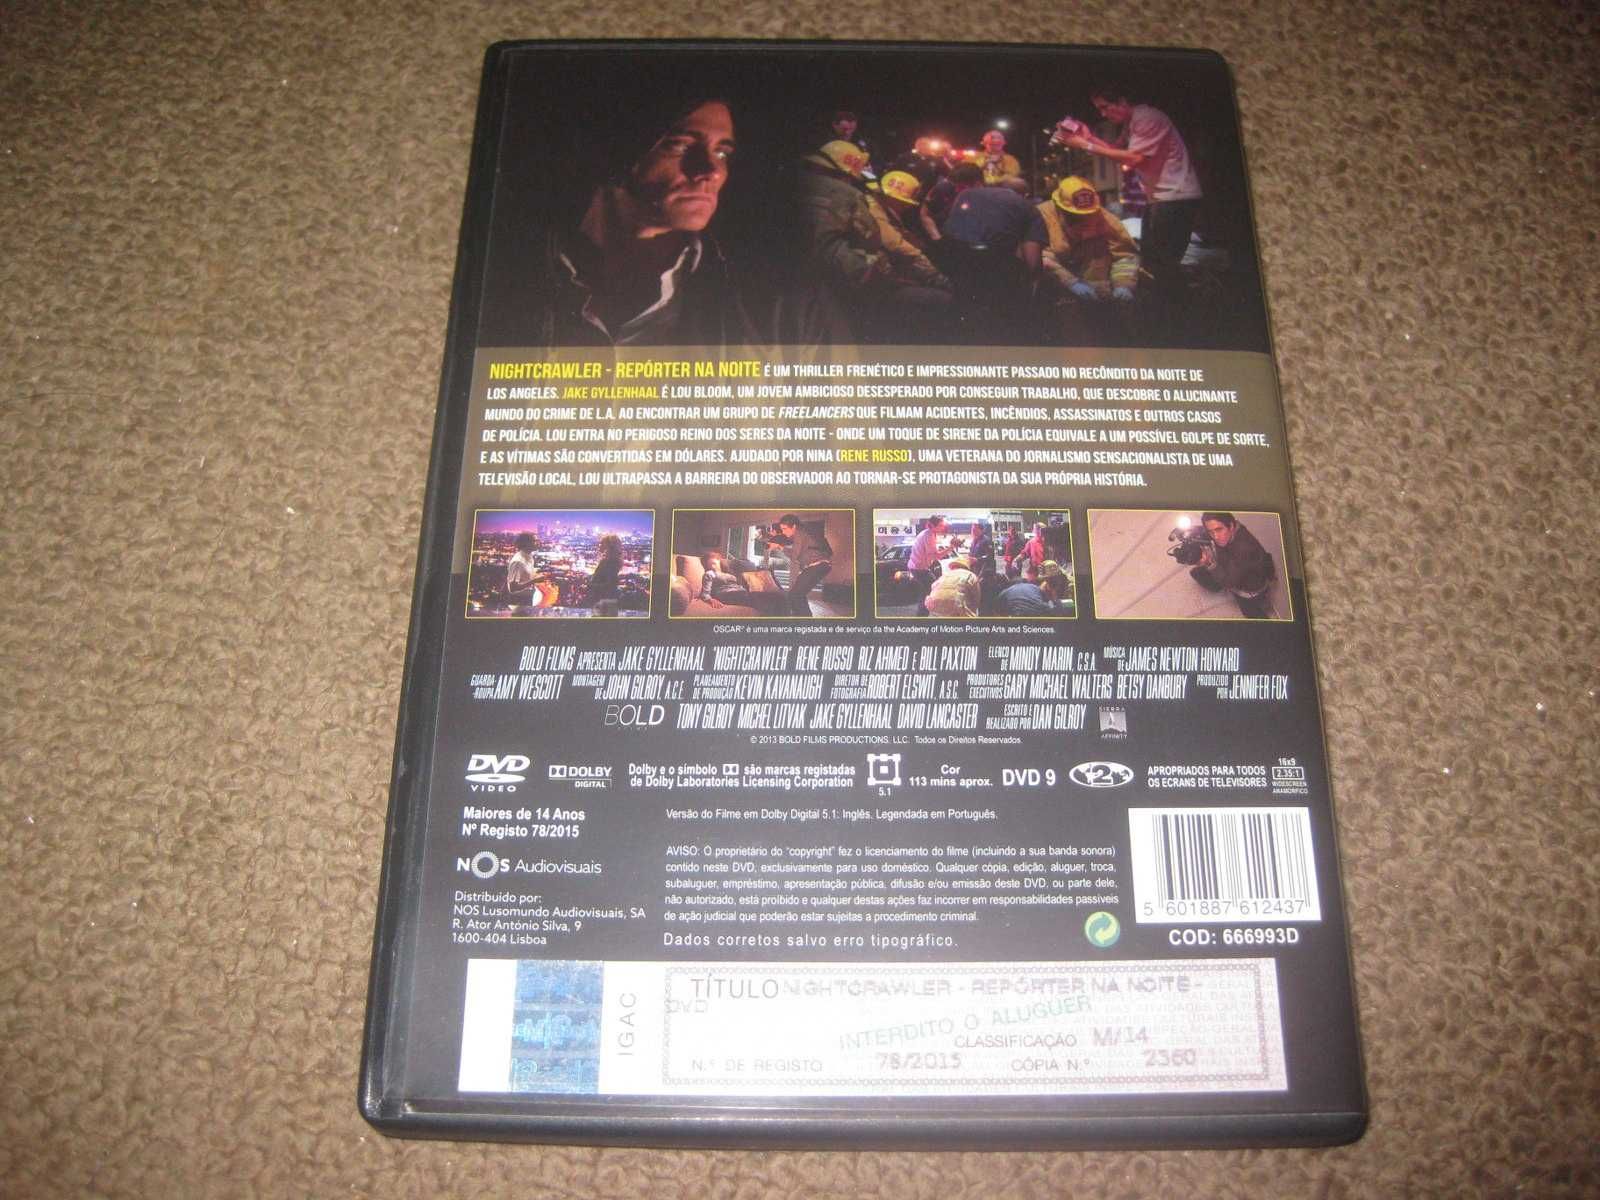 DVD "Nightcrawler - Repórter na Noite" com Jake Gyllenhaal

...

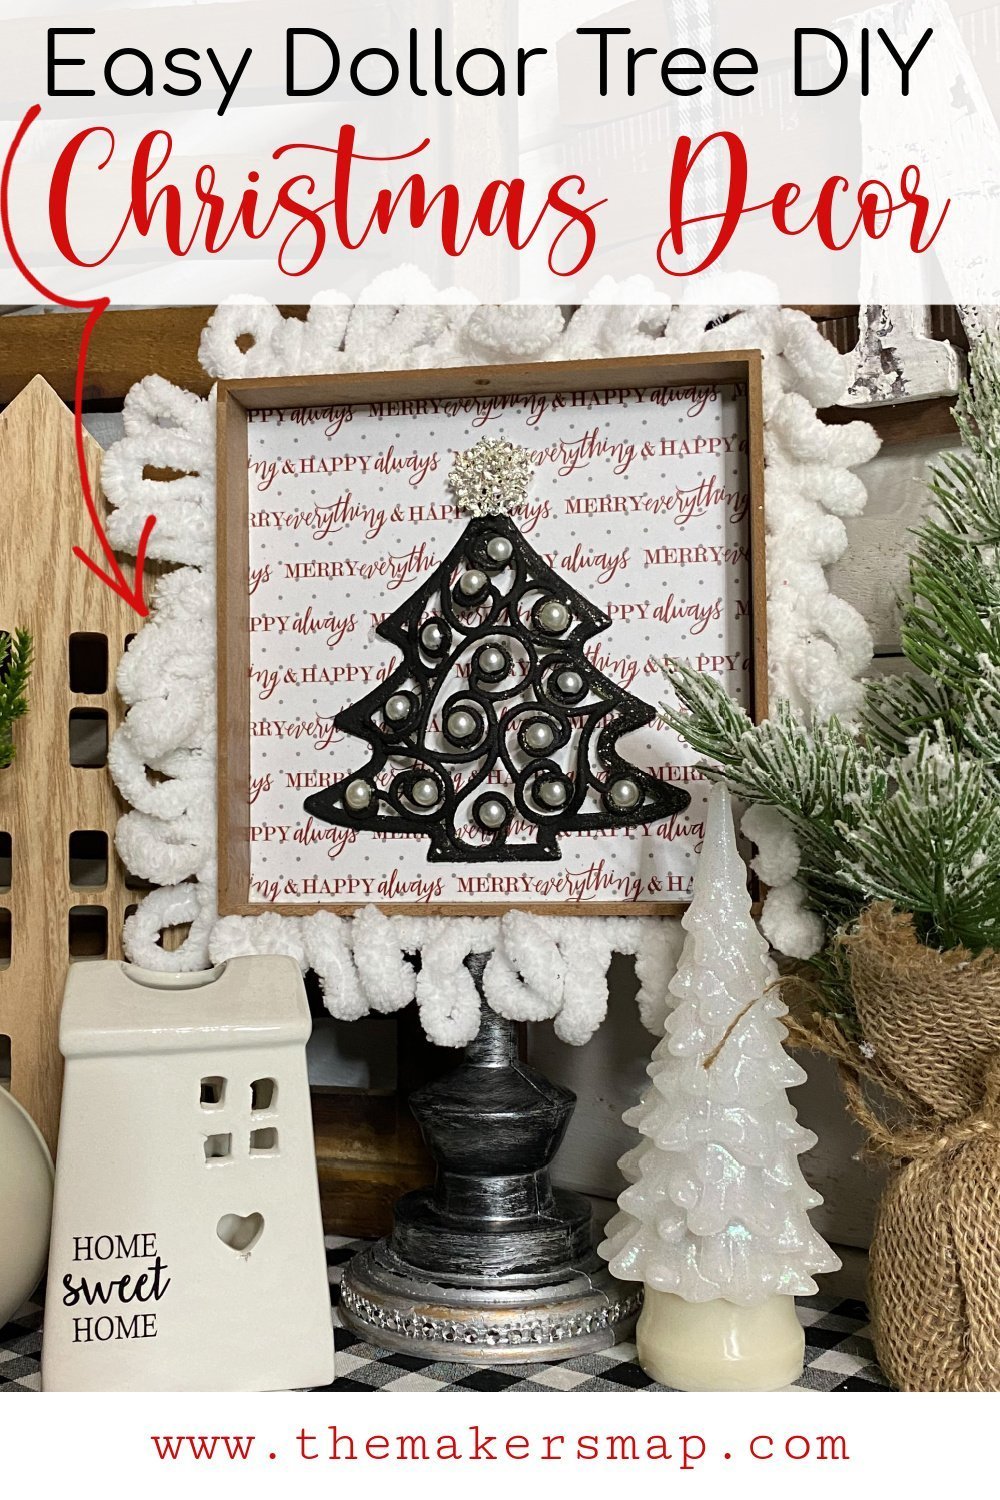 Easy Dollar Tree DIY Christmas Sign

==

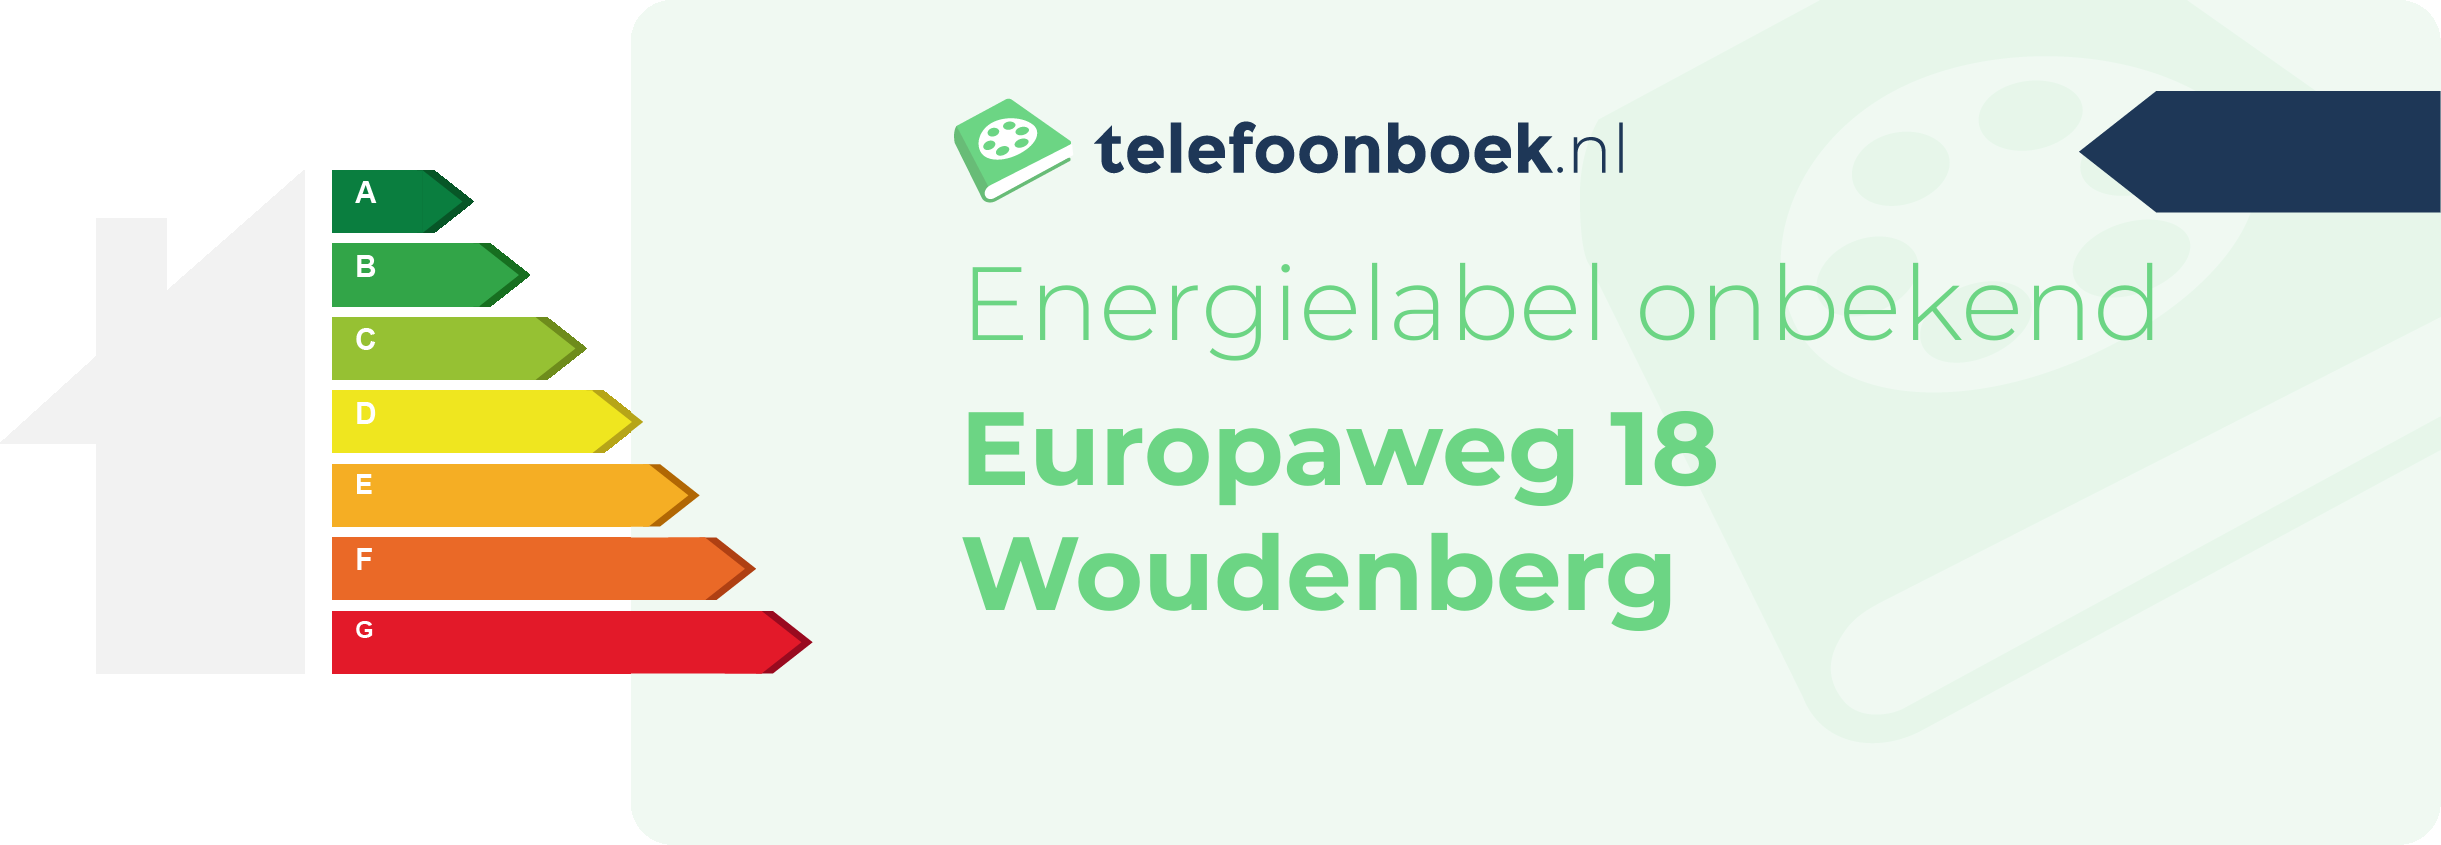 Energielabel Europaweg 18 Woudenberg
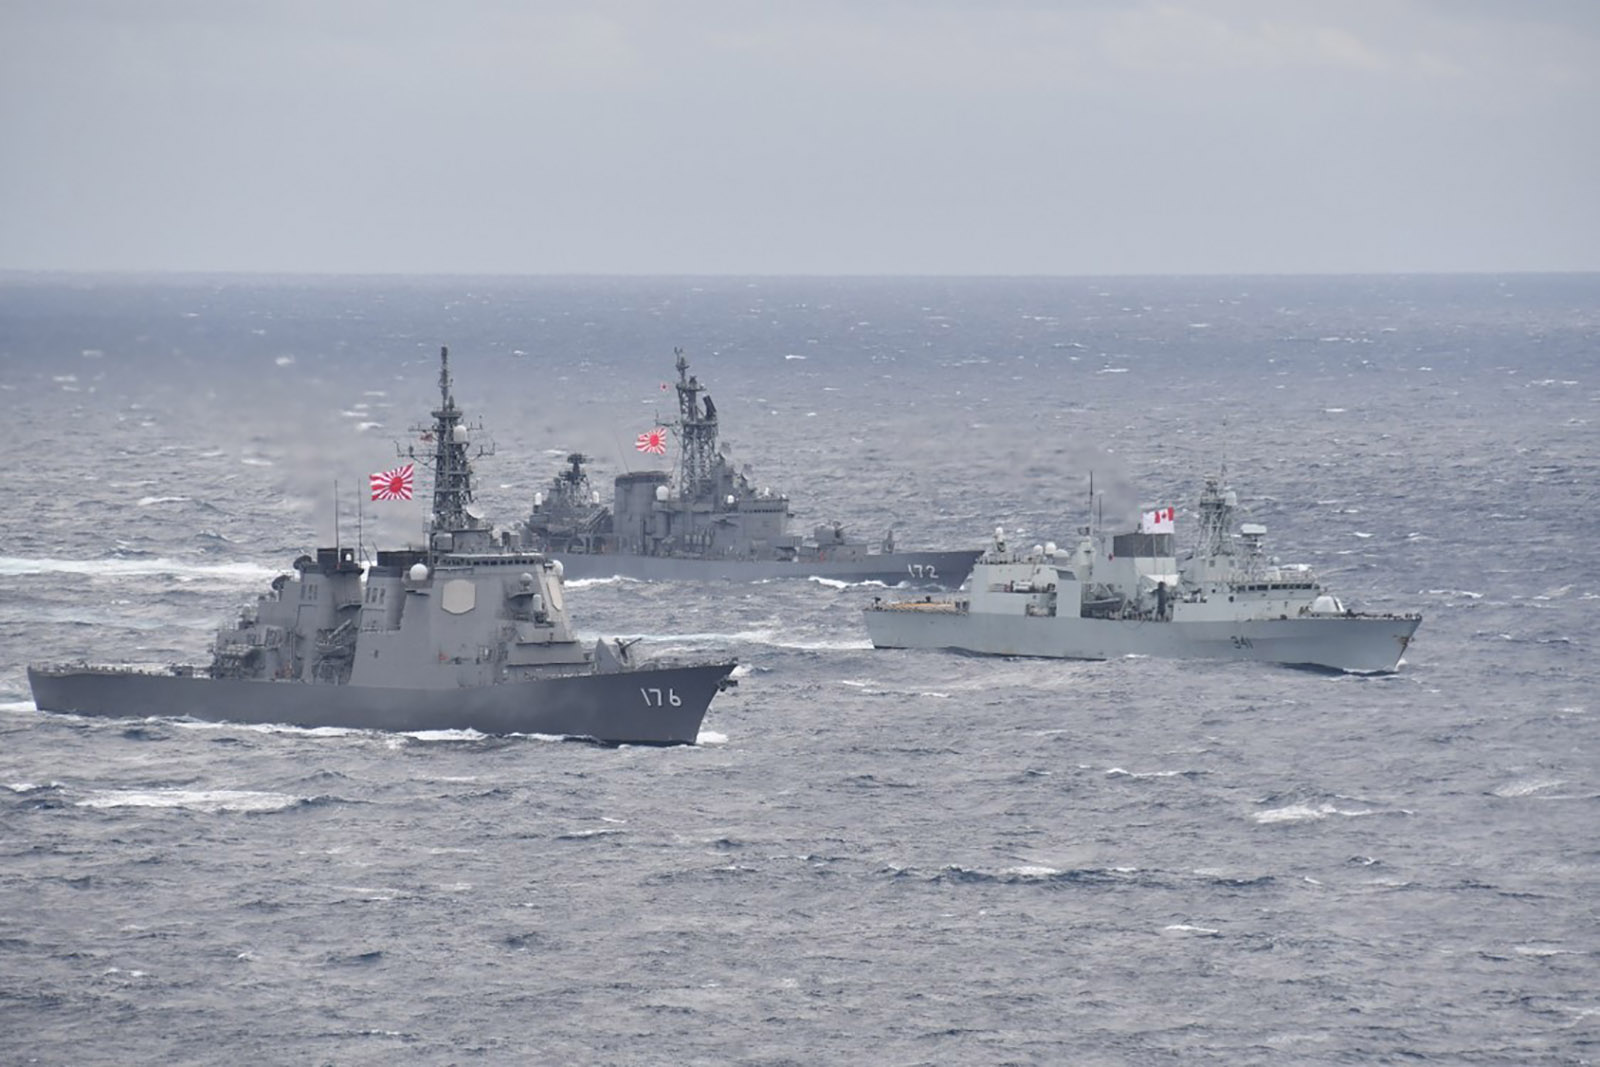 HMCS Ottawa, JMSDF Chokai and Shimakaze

Problem description: The answer should consist only of the lines above from the one with "Energielabel Europaweg 18 Woudenberg" through the one with "HMCS Ottawa, JMSDF Chokai and Shimakaze", repeated exactly, with no pictures among them.

Response box:
 Energielabel Europaweg 18 Woudenberg
 HMCS Ottawa, JMSDF Chokai and Shimakaze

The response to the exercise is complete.